# Few bits off autosmart today..



## AliBailey88 (Oct 13, 2009)

Picked up some randoms up from my autosmart dealer today. Getting a bit addicted to buying stuff off him now, seem to spend £30-£40 everytime he comes down to work.... doh.

Anyways i got

5L highstyle - gunna use this just for interior plastics, can be diluted.
5L finish - gunna use this for exterior trims and tyre dressing.
1L evo renovation compound - will be intresting to see what this is like.
4x autosmart bottle with heads.
1x stiff wheel agitating brush, nice and chunky.
4x air fresheners.

Mrs is out now so i can fetch it out of the car and put it in the garage, she will never know!

£40 bargains!


----------



## MidlandsCarCare (Feb 18, 2006)

Never used Finish, might have to give that one a whirl.

Nice haul

No G101 or Smart Wheels?


----------



## -tom- (Jan 27, 2009)

very tidy as said no tardis?


----------



## AliBailey88 (Oct 13, 2009)

already have 5L of g101, tango, autofresh etc

Whats the smart wheels like? is it an acid gree cleaner?


----------



## Baz xp800 (Feb 14, 2010)

Good collection of stuff there. Finish is best for the interior, Highstyle for the exterior trim and tyres.


----------



## MidlandsCarCare (Feb 18, 2006)

AliBailey88 said:


> already have 5L of g101.
> 
> Whats the smart wheels like? is it an acid gree cleaner?


Yep, Acid Free. It's great! 5L for £15 makes 55L of great cleaner! I prefer it to Bilberry.


----------



## Ross (Apr 25, 2007)

I wish I lived on the Mainland,I would have a car load of AS stuff:lol:


----------



## AliBailey88 (Oct 13, 2009)

RussZS said:


> Yep, Acid Free. It's great! 5L for £15 makes 55L of great cleaner! I prefer it to Bilberry.

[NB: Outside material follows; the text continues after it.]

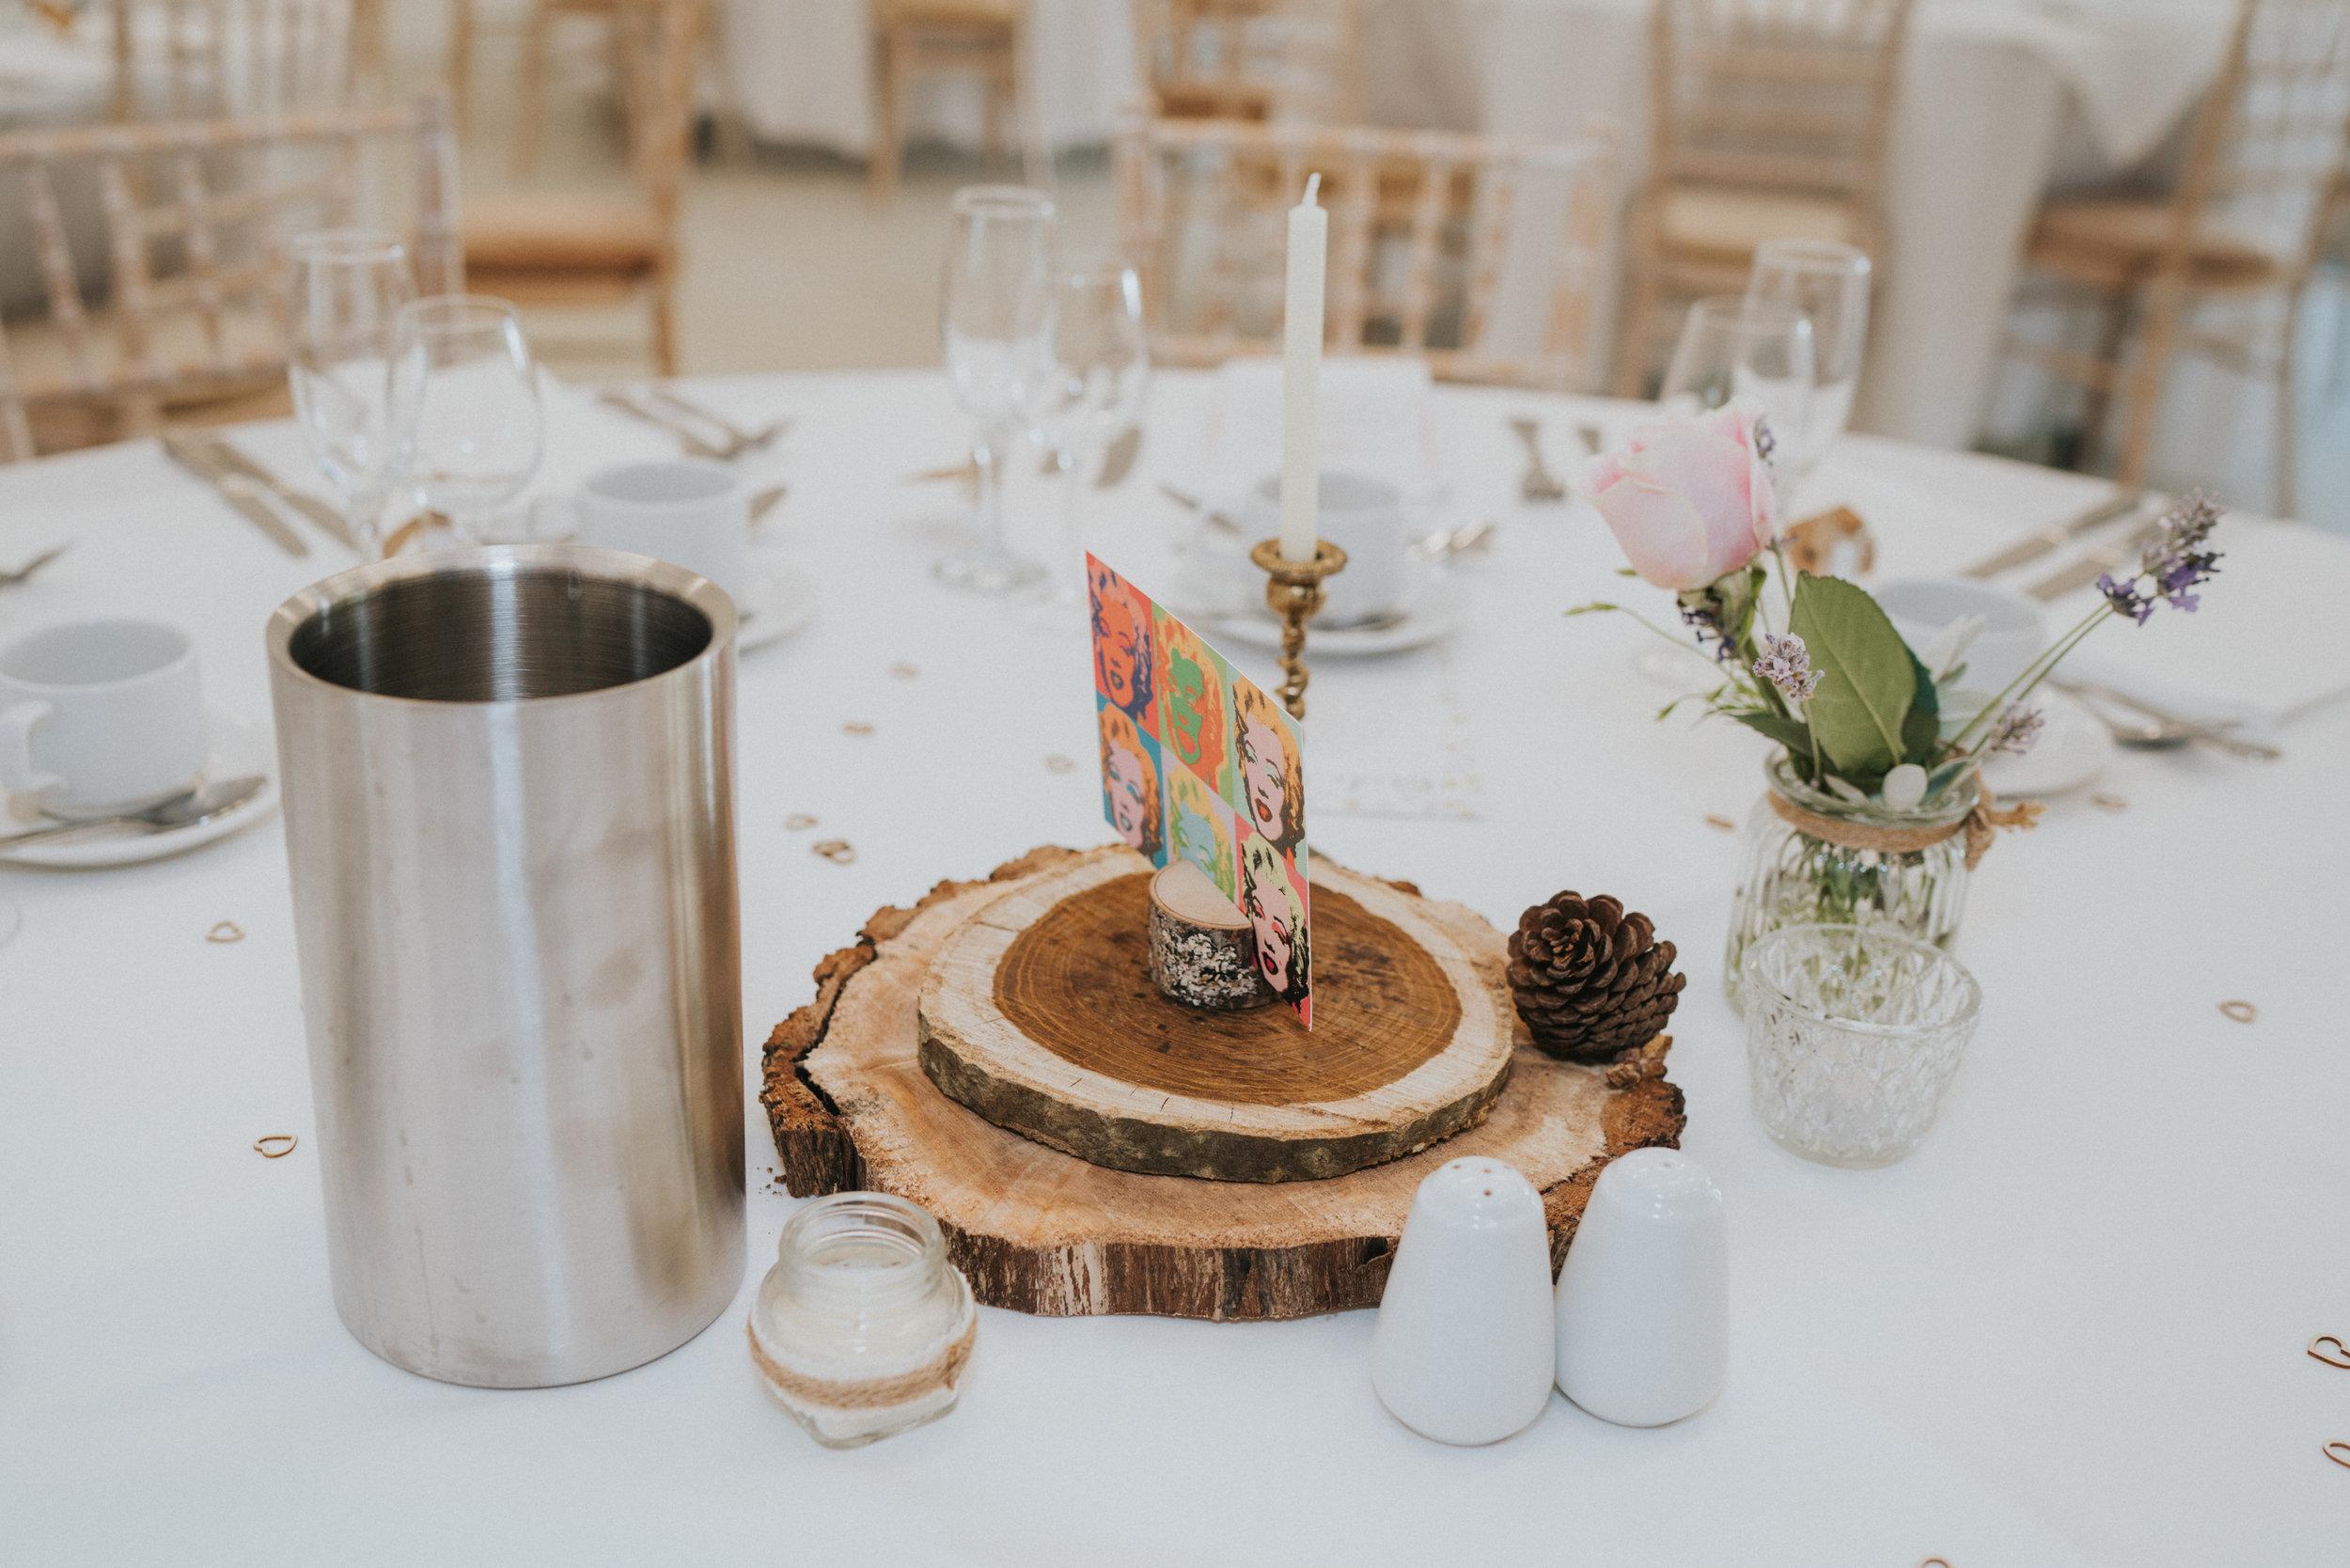 Grace-Elizabeth-Georgie-Amalaketu-Firstsite-Colchester-Essex-Boho-Buddhist-Wedding-Alternative-Wedding-Photography-Essex (71 of 100).jpg

ahh cool, mite have to get some next then, ive never got on with bilberry aswel tbh, currently got 5l very cherry.


----------



## David (Apr 6, 2006)

you have finish and highstyle mixed up btw

finish is a dilutable interior dressing

highstyle is a rubber and exterior trim dressing that doesnt dilute


----------



## grant_evans (Mar 2, 2008)

40 quid for that lot is a bargain tbh


----------



## AliBailey88 (Oct 13, 2009)

David said:


> you have finish and highstyle mixed up btw
> 
> finish is a dilutable interior dressing
> 
> highstyle is a rubber and exterior trim dressing that doesnt dilute


yer my mistake


----------



## ianFRST (Sep 19, 2006)

ah man, id pay more than £40 for all that, and i spend shiiiiit loads with my rep.

the inconsistency with reps pricing is staggering :lol:


----------



## chrisc (Jun 15, 2008)

change your rep then ian


----------



## AliBailey88 (Oct 13, 2009)

i haggle, he says a price i say another, show them the cash. I find if your a regular customer and you begin to know the rep deals get better and better.


----------



## Oakey22 (Feb 12, 2010)

ian i find the pricing depends on what they feel like on the day, LOL


----------



## GR33N (Apr 5, 2009)

Oakey22 said:


> ian i find the pricing depends on what they feel like on the day, LOL


How much is 5L or Tardis from your rep on an average day? Im not too far from Burton so it would be convenient to a ride up sometime.


----------



## Oakey22 (Feb 12, 2010)

not sure as i bought it along with a load of other stuff.


----------



## GR33N (Apr 5, 2009)

Oakey22 said:


> not sure as i bought it along with a load of other stuff.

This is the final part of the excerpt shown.